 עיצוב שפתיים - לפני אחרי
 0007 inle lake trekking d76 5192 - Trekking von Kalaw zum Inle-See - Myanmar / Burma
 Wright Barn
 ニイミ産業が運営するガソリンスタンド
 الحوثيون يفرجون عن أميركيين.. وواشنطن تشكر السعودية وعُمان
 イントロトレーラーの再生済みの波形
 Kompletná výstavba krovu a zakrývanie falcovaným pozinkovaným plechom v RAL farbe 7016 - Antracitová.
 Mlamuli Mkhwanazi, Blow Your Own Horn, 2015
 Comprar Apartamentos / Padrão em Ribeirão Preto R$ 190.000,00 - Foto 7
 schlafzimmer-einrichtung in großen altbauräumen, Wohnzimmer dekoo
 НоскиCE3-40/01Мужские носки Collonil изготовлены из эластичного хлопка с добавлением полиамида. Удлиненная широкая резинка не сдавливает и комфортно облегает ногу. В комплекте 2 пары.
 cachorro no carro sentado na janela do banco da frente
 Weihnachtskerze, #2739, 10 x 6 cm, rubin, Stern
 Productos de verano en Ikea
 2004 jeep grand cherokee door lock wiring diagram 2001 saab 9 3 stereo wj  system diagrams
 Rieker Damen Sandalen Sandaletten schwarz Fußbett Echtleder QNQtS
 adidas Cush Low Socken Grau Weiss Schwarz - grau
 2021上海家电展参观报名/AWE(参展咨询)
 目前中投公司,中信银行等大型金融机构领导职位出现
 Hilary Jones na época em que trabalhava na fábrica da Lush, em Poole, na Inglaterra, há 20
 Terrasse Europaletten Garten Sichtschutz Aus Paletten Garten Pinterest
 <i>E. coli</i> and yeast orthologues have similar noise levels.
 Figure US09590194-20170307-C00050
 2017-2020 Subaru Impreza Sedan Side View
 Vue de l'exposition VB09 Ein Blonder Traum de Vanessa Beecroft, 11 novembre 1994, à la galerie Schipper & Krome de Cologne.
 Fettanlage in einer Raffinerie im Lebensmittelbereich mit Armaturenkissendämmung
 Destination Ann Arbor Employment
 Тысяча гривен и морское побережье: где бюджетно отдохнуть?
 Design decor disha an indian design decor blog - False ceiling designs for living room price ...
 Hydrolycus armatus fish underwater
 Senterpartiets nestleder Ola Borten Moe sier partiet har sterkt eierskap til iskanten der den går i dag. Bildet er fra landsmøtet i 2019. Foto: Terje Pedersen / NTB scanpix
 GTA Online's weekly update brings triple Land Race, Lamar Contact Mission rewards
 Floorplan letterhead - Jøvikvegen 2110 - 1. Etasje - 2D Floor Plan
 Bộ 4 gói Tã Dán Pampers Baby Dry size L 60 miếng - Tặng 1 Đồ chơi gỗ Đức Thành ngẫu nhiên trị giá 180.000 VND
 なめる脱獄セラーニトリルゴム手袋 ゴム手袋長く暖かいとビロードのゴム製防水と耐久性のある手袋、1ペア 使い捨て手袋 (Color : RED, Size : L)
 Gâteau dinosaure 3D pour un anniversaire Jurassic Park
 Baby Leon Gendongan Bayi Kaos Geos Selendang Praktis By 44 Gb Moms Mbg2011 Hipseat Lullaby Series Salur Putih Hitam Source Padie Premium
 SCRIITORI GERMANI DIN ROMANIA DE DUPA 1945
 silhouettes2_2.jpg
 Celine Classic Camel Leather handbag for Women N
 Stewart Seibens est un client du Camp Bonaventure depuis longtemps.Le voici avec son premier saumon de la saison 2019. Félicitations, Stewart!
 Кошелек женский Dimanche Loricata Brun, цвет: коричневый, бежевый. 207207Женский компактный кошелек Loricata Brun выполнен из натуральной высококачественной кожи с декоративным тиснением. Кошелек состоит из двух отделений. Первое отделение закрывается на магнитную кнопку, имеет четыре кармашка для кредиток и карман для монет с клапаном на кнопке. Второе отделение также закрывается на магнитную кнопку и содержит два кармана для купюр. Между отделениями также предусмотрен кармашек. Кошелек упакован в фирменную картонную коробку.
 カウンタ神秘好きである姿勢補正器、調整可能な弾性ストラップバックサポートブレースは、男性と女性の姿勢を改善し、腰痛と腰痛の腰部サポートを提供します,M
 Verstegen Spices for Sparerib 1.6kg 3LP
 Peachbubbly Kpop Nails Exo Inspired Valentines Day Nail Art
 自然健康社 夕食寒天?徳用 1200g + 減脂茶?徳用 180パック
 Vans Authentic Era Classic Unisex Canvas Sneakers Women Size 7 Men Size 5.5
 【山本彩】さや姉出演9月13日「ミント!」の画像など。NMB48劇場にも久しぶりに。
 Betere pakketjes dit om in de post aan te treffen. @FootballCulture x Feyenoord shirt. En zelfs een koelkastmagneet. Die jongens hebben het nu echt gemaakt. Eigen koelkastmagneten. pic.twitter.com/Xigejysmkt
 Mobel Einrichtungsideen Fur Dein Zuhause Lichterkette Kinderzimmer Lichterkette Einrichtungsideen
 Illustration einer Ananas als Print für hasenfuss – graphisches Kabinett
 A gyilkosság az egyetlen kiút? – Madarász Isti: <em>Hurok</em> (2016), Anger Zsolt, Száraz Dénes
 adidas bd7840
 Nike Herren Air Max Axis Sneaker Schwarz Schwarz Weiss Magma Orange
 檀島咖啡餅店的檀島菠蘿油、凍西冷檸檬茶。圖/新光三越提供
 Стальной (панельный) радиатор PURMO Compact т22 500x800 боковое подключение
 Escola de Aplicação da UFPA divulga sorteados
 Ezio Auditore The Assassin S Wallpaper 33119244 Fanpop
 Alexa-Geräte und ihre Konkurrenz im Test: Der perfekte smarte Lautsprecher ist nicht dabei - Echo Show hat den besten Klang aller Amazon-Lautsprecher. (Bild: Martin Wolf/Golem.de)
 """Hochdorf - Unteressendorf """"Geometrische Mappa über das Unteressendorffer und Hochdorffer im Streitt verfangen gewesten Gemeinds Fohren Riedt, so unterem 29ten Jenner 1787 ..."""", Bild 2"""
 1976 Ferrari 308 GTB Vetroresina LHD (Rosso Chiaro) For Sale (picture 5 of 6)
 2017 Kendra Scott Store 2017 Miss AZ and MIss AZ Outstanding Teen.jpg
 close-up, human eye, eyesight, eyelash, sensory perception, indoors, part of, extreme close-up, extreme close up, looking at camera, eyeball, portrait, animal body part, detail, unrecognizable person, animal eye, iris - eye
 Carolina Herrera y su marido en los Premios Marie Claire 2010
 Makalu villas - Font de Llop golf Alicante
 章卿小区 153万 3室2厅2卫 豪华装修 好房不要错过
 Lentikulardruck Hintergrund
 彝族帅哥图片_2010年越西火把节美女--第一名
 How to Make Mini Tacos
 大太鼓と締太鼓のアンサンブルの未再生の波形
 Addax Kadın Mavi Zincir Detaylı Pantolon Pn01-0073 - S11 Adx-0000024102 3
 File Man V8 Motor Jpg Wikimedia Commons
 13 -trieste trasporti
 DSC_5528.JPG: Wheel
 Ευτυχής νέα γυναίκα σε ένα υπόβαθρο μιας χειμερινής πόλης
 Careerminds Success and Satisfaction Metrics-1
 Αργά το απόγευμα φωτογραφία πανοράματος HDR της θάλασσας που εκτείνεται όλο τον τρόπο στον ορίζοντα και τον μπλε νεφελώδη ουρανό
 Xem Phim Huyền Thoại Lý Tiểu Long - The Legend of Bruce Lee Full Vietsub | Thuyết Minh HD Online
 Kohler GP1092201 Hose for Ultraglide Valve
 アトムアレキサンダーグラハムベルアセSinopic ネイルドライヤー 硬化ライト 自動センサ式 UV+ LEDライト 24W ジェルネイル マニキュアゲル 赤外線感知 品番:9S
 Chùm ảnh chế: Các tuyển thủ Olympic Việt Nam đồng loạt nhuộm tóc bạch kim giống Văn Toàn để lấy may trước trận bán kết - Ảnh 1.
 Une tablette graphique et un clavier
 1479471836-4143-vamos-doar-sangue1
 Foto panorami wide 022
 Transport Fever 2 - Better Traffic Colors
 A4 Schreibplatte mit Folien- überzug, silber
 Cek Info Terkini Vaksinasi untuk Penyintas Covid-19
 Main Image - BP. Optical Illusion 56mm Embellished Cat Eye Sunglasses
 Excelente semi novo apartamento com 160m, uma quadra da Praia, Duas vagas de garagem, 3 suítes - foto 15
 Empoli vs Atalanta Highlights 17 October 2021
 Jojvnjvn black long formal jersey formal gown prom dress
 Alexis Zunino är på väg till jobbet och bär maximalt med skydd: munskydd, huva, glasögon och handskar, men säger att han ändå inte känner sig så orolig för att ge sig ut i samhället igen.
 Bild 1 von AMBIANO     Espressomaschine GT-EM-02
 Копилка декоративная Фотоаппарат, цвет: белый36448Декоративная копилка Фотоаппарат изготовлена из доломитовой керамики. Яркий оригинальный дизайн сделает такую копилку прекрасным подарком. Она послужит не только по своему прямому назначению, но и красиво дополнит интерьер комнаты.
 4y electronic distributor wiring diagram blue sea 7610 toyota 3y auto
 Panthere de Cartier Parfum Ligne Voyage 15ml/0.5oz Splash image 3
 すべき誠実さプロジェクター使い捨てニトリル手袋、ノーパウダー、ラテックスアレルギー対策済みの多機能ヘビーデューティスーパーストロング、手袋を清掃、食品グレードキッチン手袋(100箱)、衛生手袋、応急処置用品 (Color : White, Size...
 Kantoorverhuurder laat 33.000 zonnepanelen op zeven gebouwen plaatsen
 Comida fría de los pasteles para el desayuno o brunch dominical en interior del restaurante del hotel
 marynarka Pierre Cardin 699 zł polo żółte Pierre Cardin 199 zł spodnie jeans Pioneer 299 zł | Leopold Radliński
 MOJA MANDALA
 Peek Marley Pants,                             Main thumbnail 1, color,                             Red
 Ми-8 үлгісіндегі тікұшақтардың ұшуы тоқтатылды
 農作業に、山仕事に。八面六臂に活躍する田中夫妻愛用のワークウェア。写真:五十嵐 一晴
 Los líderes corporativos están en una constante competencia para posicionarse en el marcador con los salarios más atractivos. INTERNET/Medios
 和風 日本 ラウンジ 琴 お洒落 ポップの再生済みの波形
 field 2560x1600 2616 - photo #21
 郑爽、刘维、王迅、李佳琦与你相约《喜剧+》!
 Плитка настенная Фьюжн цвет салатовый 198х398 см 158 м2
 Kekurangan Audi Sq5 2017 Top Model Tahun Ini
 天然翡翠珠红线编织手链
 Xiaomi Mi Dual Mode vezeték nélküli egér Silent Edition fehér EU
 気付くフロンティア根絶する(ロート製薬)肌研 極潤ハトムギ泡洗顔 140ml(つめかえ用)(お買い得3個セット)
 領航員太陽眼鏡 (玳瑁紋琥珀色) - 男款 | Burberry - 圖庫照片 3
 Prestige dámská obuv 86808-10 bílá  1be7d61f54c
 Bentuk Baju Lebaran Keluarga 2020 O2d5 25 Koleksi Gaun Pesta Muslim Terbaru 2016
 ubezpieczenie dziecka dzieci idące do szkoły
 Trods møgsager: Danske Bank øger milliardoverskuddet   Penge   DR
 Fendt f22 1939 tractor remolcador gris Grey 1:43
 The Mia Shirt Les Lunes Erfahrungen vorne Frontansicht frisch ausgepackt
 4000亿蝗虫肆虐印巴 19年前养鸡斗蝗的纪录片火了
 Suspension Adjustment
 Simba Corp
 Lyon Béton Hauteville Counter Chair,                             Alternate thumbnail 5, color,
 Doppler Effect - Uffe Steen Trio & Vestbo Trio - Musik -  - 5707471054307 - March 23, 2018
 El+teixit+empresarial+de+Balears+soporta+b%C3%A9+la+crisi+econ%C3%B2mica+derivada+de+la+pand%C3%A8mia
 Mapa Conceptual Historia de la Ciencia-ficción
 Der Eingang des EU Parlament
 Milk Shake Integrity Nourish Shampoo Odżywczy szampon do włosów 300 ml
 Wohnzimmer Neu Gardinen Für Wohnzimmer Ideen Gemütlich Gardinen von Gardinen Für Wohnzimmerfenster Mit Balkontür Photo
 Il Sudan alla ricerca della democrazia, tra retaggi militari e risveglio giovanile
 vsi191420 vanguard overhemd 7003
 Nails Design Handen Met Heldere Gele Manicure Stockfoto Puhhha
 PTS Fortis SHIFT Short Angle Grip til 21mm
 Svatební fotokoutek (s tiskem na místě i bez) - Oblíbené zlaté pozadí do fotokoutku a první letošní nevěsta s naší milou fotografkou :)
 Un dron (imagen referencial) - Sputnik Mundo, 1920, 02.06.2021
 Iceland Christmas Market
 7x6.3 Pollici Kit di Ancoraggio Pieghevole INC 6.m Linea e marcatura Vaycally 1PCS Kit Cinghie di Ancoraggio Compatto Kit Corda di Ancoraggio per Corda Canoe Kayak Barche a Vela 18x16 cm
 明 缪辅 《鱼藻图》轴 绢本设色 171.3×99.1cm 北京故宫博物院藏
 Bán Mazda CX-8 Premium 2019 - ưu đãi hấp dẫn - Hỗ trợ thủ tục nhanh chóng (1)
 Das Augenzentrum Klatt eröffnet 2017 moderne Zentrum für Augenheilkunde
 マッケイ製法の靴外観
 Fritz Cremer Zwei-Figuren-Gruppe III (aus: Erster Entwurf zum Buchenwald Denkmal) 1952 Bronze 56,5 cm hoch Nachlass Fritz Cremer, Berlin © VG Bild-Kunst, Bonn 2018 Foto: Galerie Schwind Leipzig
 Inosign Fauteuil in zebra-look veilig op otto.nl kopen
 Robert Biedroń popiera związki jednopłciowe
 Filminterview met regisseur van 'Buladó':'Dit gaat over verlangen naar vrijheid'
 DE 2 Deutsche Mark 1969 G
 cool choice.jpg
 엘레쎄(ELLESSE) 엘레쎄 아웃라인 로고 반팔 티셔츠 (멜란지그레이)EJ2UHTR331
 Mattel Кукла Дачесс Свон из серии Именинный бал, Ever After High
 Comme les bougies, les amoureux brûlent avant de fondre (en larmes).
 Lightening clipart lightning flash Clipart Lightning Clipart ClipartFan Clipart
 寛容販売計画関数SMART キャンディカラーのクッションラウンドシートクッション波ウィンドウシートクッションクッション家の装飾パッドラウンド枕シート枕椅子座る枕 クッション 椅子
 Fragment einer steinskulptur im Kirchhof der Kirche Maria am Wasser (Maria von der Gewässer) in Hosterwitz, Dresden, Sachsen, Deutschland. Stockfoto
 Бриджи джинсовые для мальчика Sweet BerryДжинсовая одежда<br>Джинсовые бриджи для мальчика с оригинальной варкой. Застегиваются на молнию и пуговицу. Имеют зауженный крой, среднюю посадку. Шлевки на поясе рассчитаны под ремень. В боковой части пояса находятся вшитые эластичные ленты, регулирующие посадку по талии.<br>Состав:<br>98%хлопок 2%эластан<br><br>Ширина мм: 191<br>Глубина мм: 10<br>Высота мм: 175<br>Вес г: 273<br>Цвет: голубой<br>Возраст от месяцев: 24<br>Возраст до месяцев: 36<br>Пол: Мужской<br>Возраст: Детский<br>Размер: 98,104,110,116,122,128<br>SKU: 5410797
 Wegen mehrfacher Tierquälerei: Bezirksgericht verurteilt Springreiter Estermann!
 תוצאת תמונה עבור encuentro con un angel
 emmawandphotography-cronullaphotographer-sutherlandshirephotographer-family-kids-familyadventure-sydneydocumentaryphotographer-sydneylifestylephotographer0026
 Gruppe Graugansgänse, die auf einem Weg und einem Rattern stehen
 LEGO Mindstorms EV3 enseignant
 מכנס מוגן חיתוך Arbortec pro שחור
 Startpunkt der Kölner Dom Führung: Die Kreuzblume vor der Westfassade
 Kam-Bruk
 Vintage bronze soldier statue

========

> [What is expected]
What is needed is an exact copy of the lines above, from the one containing "Плитка настенная Фьюжн" through the one containing "Il Sudan alla", with nothing added.

> [Result below]
 Плитка настенная Фьюжн цвет салатовый 198х398 см 158 м2
 Kekurangan Audi Sq5 2017 Top Model Tahun Ini
 天然翡翠珠红线编织手链
 Xiaomi Mi Dual Mode vezeték nélküli egér Silent Edition fehér EU
 気付くフロンティア根絶する(ロート製薬)肌研 極潤ハトムギ泡洗顔 140ml(つめかえ用)(お買い得3個セット)
 領航員太陽眼鏡 (玳瑁紋琥珀色) - 男款 | Burberry - 圖庫照片 3
 Prestige dámská obuv 86808-10 bílá  1be7d61f54c
 Bentuk Baju Lebaran Keluarga 2020 O2d5 25 Koleksi Gaun Pesta Muslim Terbaru 2016
 ubezpieczenie dziecka dzieci idące do szkoły
 Trods møgsager: Danske Bank øger milliardoverskuddet   Penge   DR
 Fendt f22 1939 tractor remolcador gris Grey 1:43
 The Mia Shirt Les Lunes Erfahrungen vorne Frontansicht frisch ausgepackt
 4000亿蝗虫肆虐印巴 19年前养鸡斗蝗的纪录片火了
 Suspension Adjustment
 Simba Corp
 Lyon Béton Hauteville Counter Chair,                             Alternate thumbnail 5, color,
 Doppler Effect - Uffe Steen Trio & Vestbo Trio - Musik -  - 5707471054307 - March 23, 2018
 El+teixit+empresarial+de+Balears+soporta+b%C3%A9+la+crisi+econ%C3%B2mica+derivada+de+la+pand%C3%A8mia
 Mapa Conceptual Historia de la Ciencia-ficción
 Der Eingang des EU Parlament
 Milk Shake Integrity Nourish Shampoo Odżywczy szampon do włosów 300 ml
 Wohnzimmer Neu Gardinen Für Wohnzimmer Ideen Gemütlich Gardinen von Gardinen Für Wohnzimmerfenster Mit Balkontür Photo
 Il Sudan alla ricerca della democrazia, tra retaggi militari e risveglio giovanile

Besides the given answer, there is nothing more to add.